Limitations & Future Work¶
- Source transcripts are from crowdsourced users, not real experts, making it difficult to verify performance on truly professional dialogues—a common data issue in this field.
- The LLM-as-judge pipeline is long (critic → expansion → retrieval → generation), creating a risk of accumulated hallucinations. The paper only validates final downstream metrics without manual verification of intermediate steps.
- Breadth/depth weights and the clustering parameter \(K\) are manually tuned. Optimal \(K\) varies significantly between tasks (P4G=150, CB=80), requiring a grid search for new tasks.
- Taking only the Top-1 branch for depth might lose diversity; more sophisticated branch ensemble or adaptive aggregation methods represent obvious future directions.
Related Work & Insights¶
- vs PRINCIPLES (Kim et al. 2025): Both extract strategies from transcripts, but PRINCIPLES stores rules as unit units. Metro's state-action trees preserve multi-turn logic, leading to a 10.24% average gain.
- vs PPDPP (Deng et al. 2024): PPDPP trains a RoBERTa planner; Metro is zero-training and relies on retrieval-augmented reinterpretation. Metro outperforms PPDPP by 5 pp on P4G and 32 pp on CB.

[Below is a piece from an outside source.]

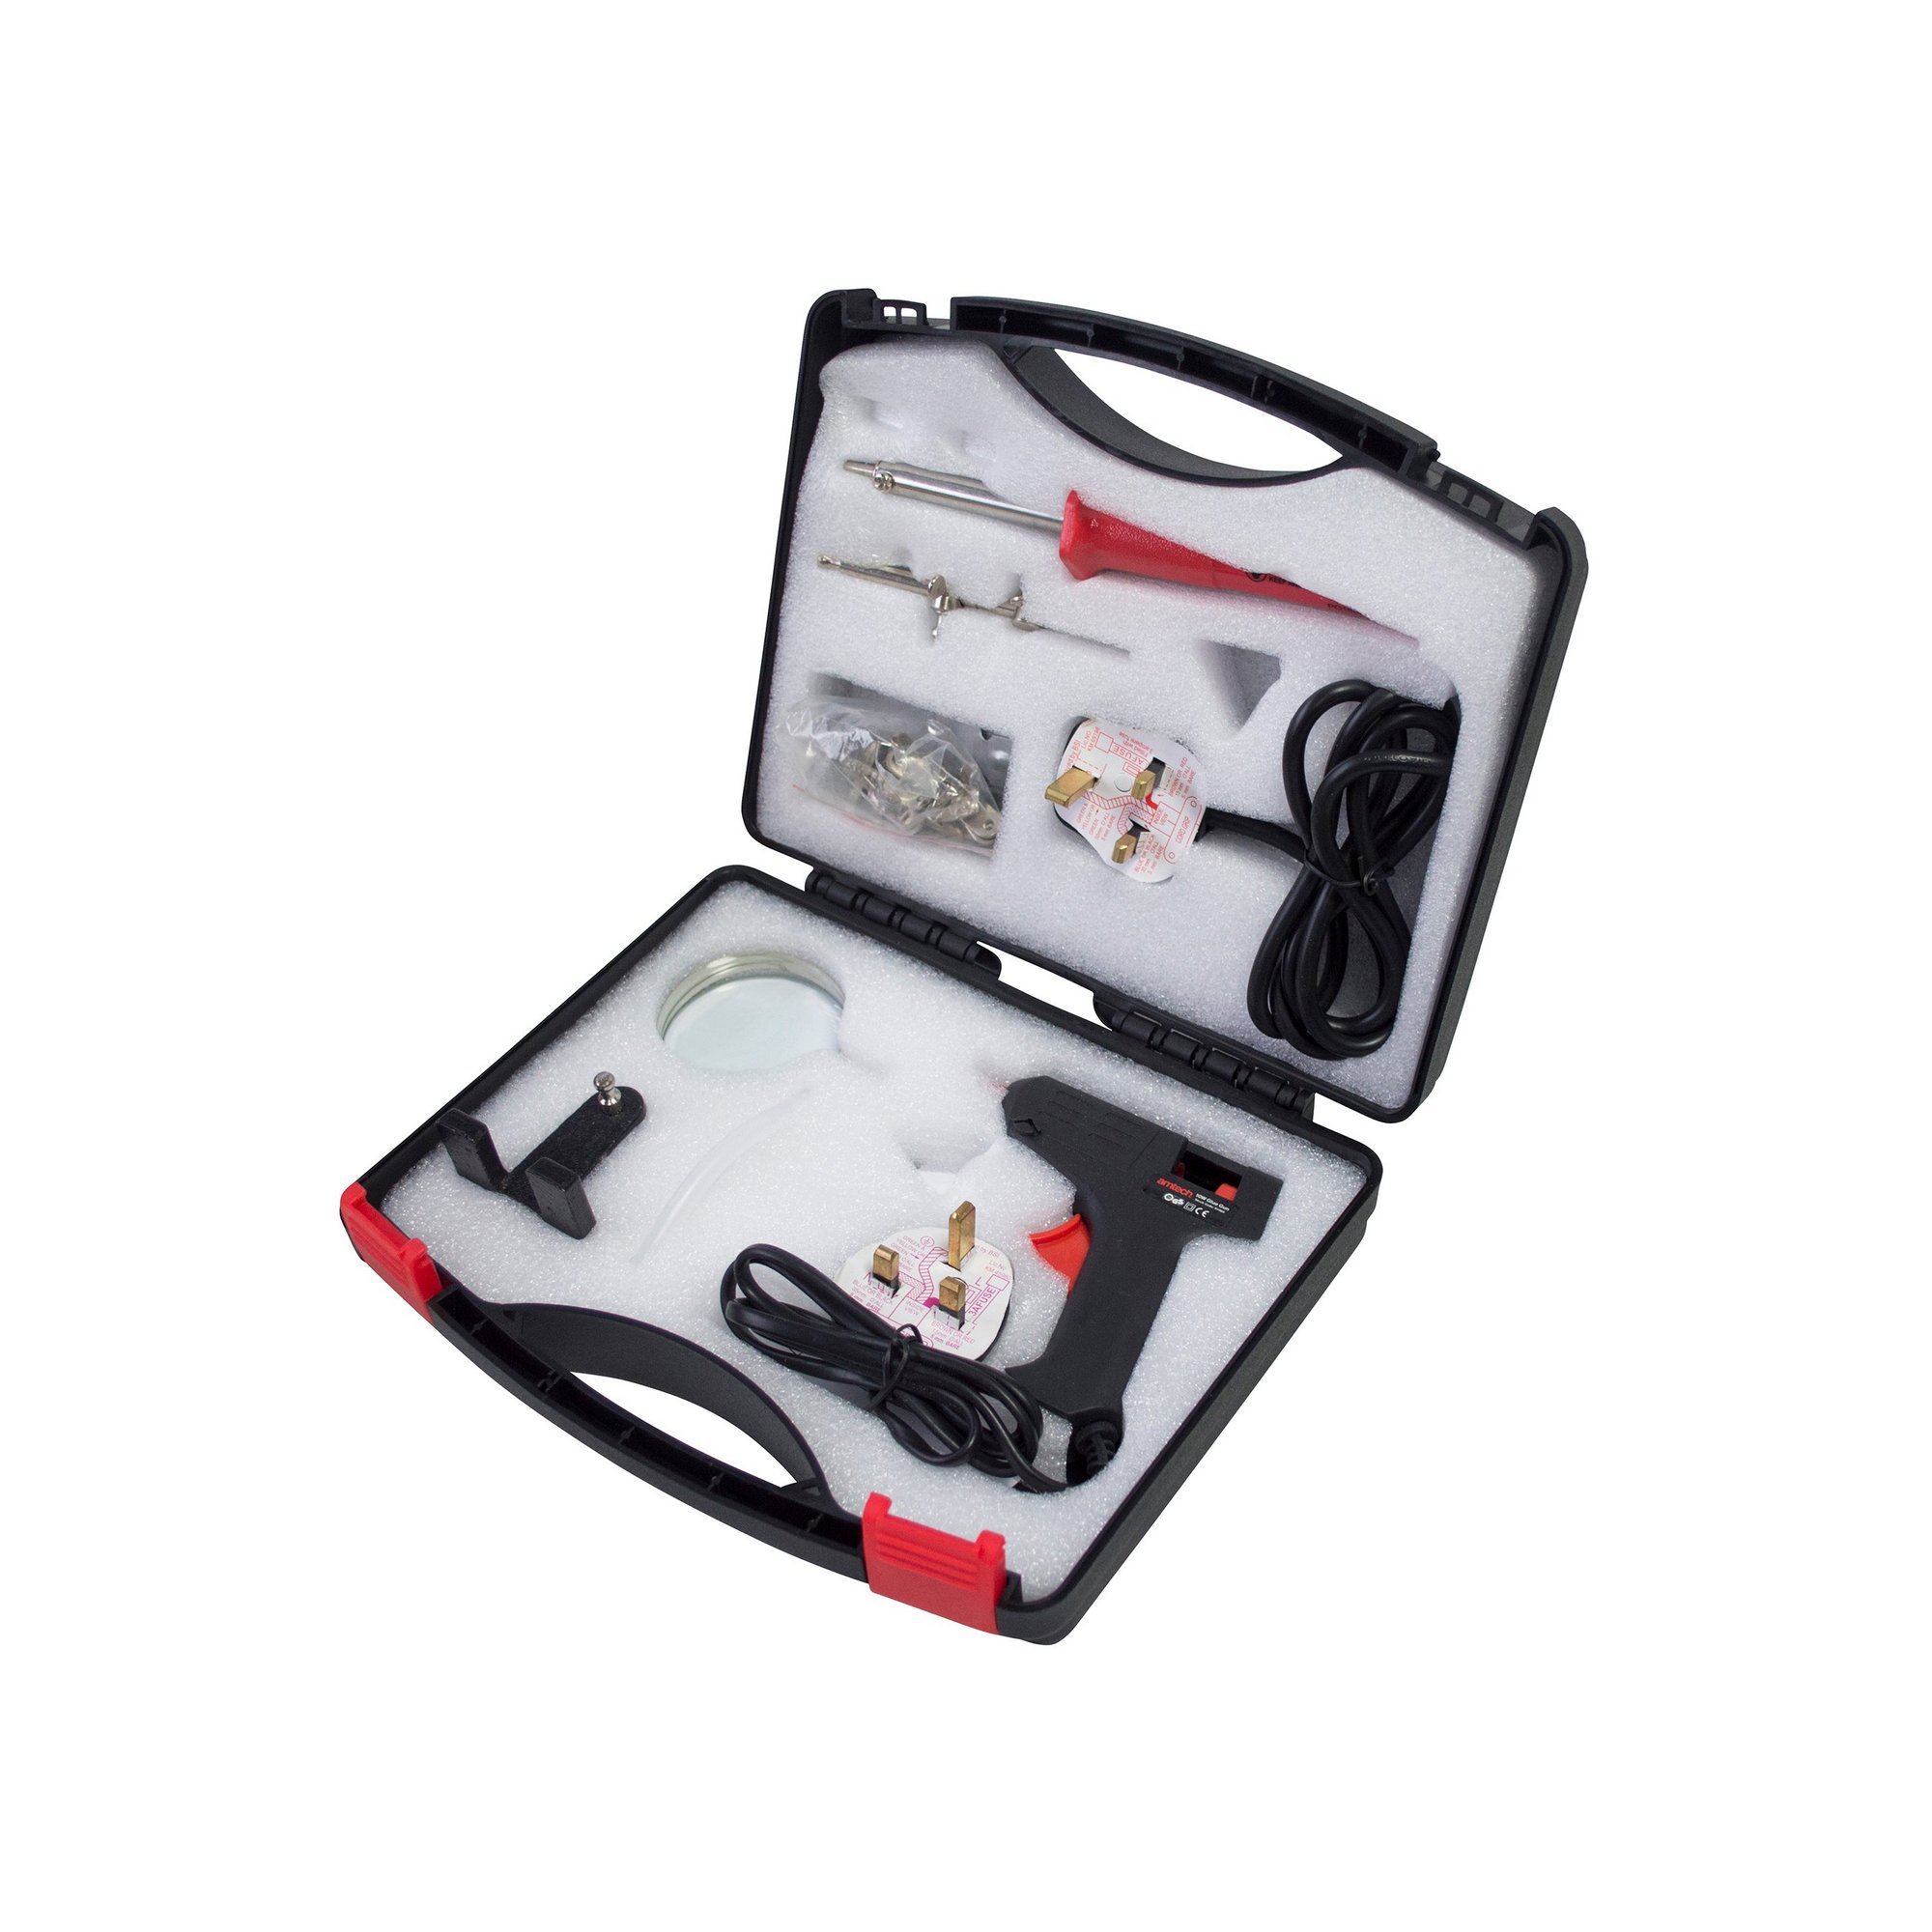 Image of Soldering Tool Kit
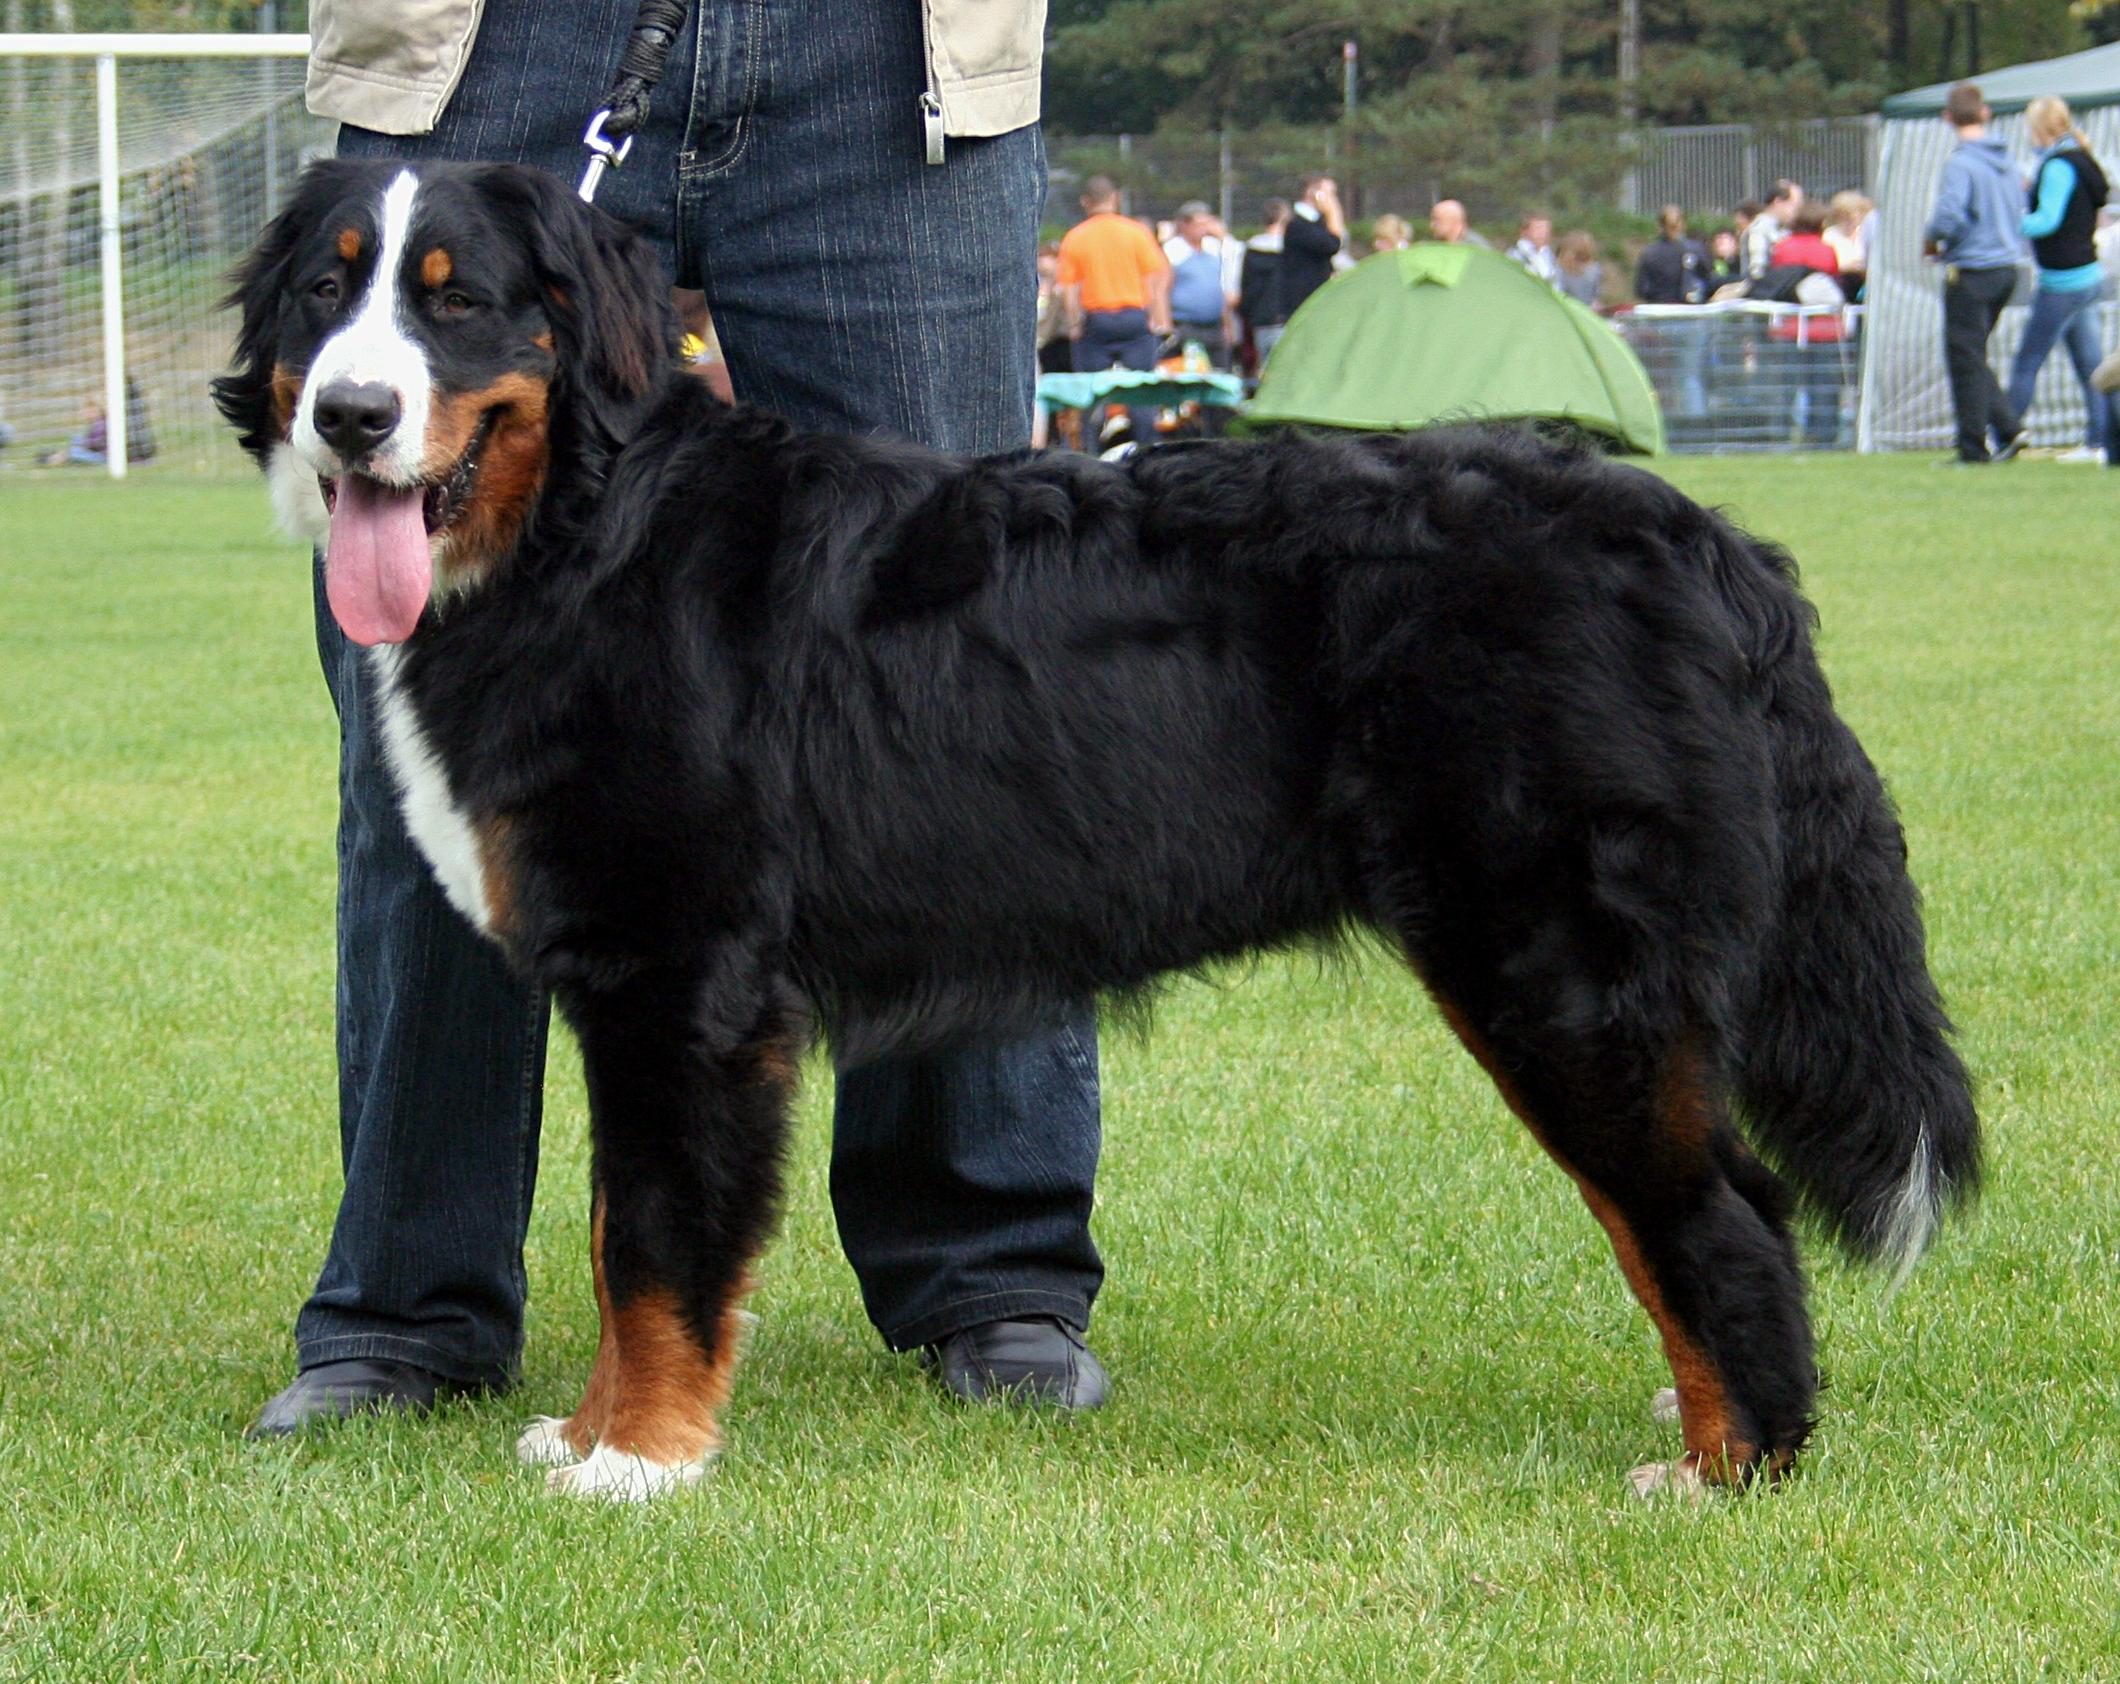 Tidsmæssigt Berner Sennenhund - Wikipedia, den frie encyklopædi UZ-81

- vs GDP-Zero (Yu et al. 2023): GDP-Zero runs expensive test-time MCTS. Metro pre-computes the Strategy Forest offline, making inference significantly faster.
- vs MERMAID / Dialogue Flow Extraction: Existing tools perform flat flow induction without value-aware pruning. Metro's outcome-driven Wilson evaluation is better suited for outcome-sensitive non-collaborative scenarios.
Rating¶
- Novelty: ⭐⭐⭐⭐ The Strategy Forest representation and Wilson pruning are novel in dialogue strategy, though MCTS-style backprop and retrieval prompting are established techniques.
- Experimental Thoroughness: ⭐⭐⭐⭐⭐ Comprehensive coverage across two tasks, 8 baselines, LLM/Human evaluation, cross-task transfer, 9 user personas, and detailed ablations.
- Writing Quality: ⭐⭐⭐⭐ Clear framework and consistent notation; some formulas (e.g., scoring \(S(u)\)) are fully explained only in the Appendix.
- Value: ⭐⭐⭐⭐⭐ Zero-training, cross-task capability, and a 10% SOTA improvement make this highly practical for industry applications and transferable to other multi-turn strategic tasks like medical consultation or debate.